[postgis-devel] Re: geometry stats

Mon Mar 1 06:11:50 PST 2004

m.cave-ayland wrote:
> Hi strk,
>
> I had a chance to do some more testing over the weekend so I ran in a
> 280,000 point world gazetteer dataset into a 7.5dev PostGIS database to
> test the new statistics code, ran ANALYZE and then using a map as a
> reference, messed about with some explain analyze queries. This was done
> using the default statistics target of 10, so only 3,000 rows were
> sampled from the entire dataset (just over 1%).
> 
> The results were surprisingly accurate when zoomed in around single
> countries; I was seeing errors somewhere of less than 0.5%, e.g.
> estimated = 53000, actual = 55000. Zooming  much closer into the map,
> the percentage error became increasingly large, but the numbers were
> much smaller (e.g. estimated=20 actual=90) so it didn't have much impact
> on the query  plan.
> 
> The one thing that was apparent from the above was that we currently
> need to increase the number of boxesPerSide when the statistic target is
> increased, since the implication is that users would increase this
> number if greater accuracy were required. Since the default values of
> 40bps with a target of 10 worked quite well, it may be worth using this
> ratio as the basis of the boxesPerSide calculation, e.g.
> 
> 		boxesPerSide = sqrt(150 * statistics target);
> 
> This gives values 38 for the default value of 10, and a value of 388 if
> someone is concerned enough to use the maximum.

Yes. I think we can do that.
Whats the maximum, statarget is an integer, isn't it ?
We should give statistic_target a meaning and then conform to it.
Can we assume it as a level of accuracy in the range 0-100 ?

> I think that what we need now is for people to try using the new
> algorithm with larger datasets of different types to see when/if the
> algorithm breaks down when the sample drops below a certain percentage.
> Perhaps this will give more information as to whether we need to use a
> probability curve outside of the sampled area?

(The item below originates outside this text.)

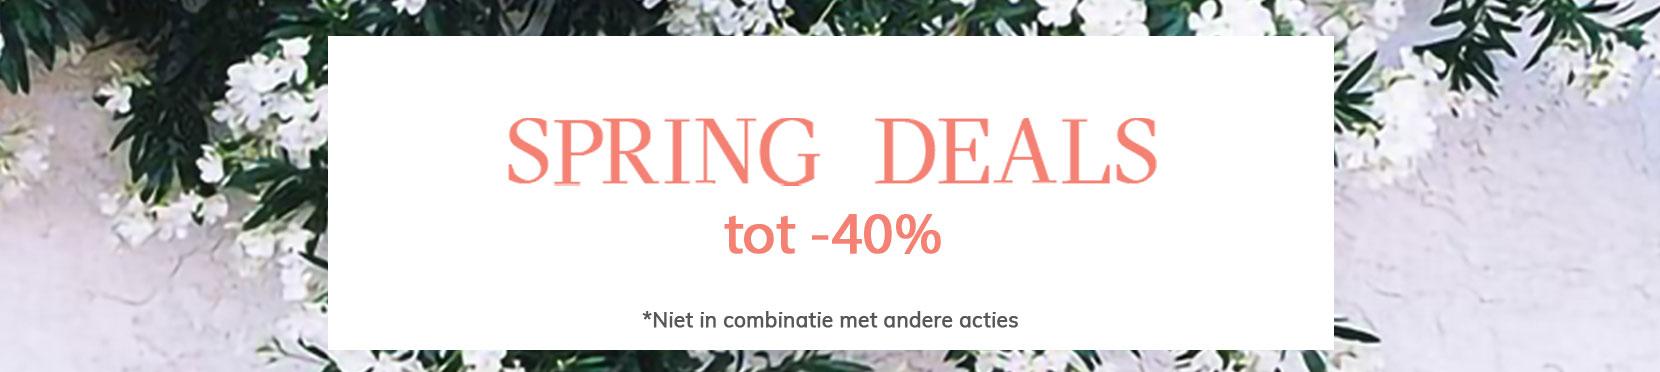 SpringDeals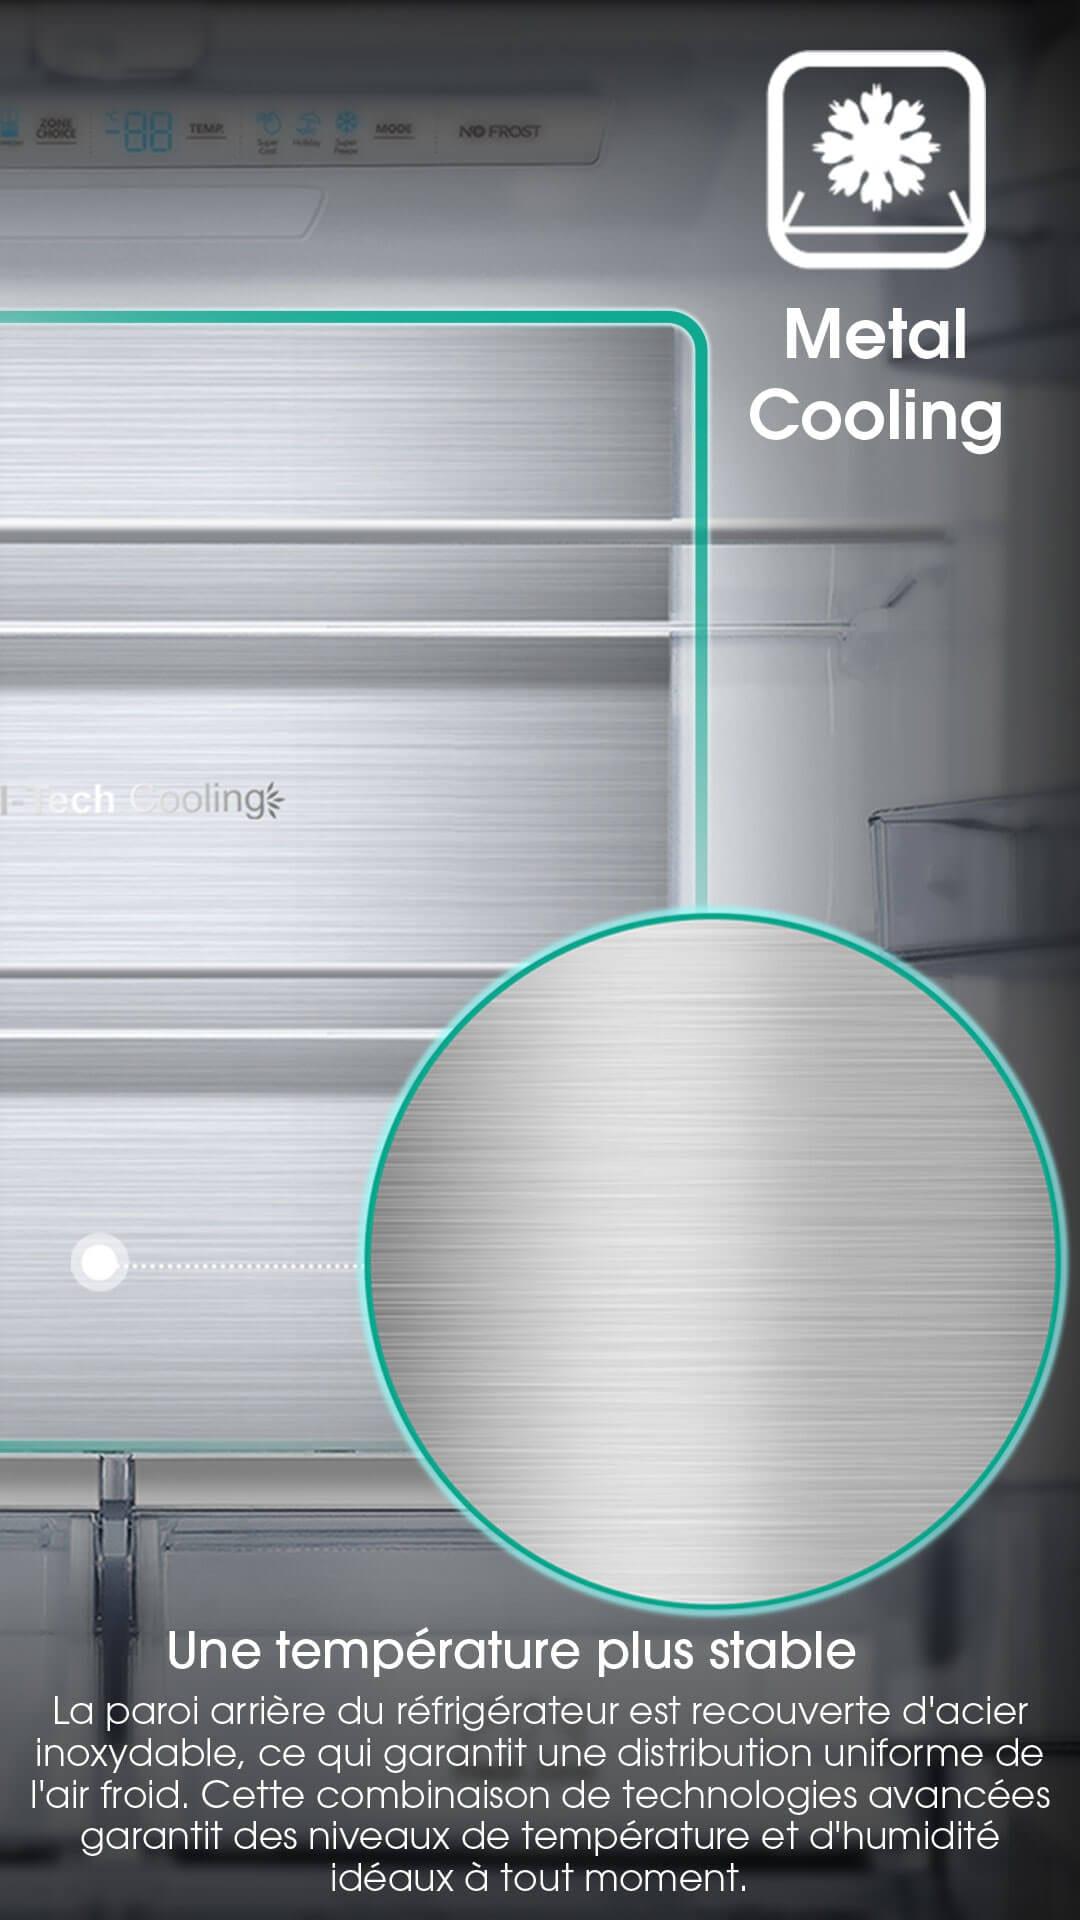 La paroi arrière du réfrigérateur est recouverte d'acier inoxydable, ce qui garantit une distribution uniforme de l'air froid. Cette combinaison de technologies avancées garantit des niveaux de température et d'humidité idéaux à tout moment.

Regardless of this, it
> does appear that the random fetch routine really does a good job of
> picking values from all areas of the dataset.

I think we should also make the numer of rows dynamic.
The statistics_target could be interpreted as the
percent of table features to be used as sample
(reltuples * statistics_target / 100)

Is there any literacy on statistics_target interpretation in pgsql ?

> All in all, things are looking really promising :)

happy to hear about positive tests.

> I did think of one more modification: if PostGIS is compiled with PG7.5
> then doing a 'SELECT update_geometry_stats()' should return a notice
> indicating that statistics are automatically generated during a
> VACUUM/VACUUM ANALYZE - strk, has any code been put in for this?

Nope.
We are working on reducing the number of *sql* files in the distrib
before putting any PG75-specific code in.

> Cheers,
> 
> Mark.

--strk;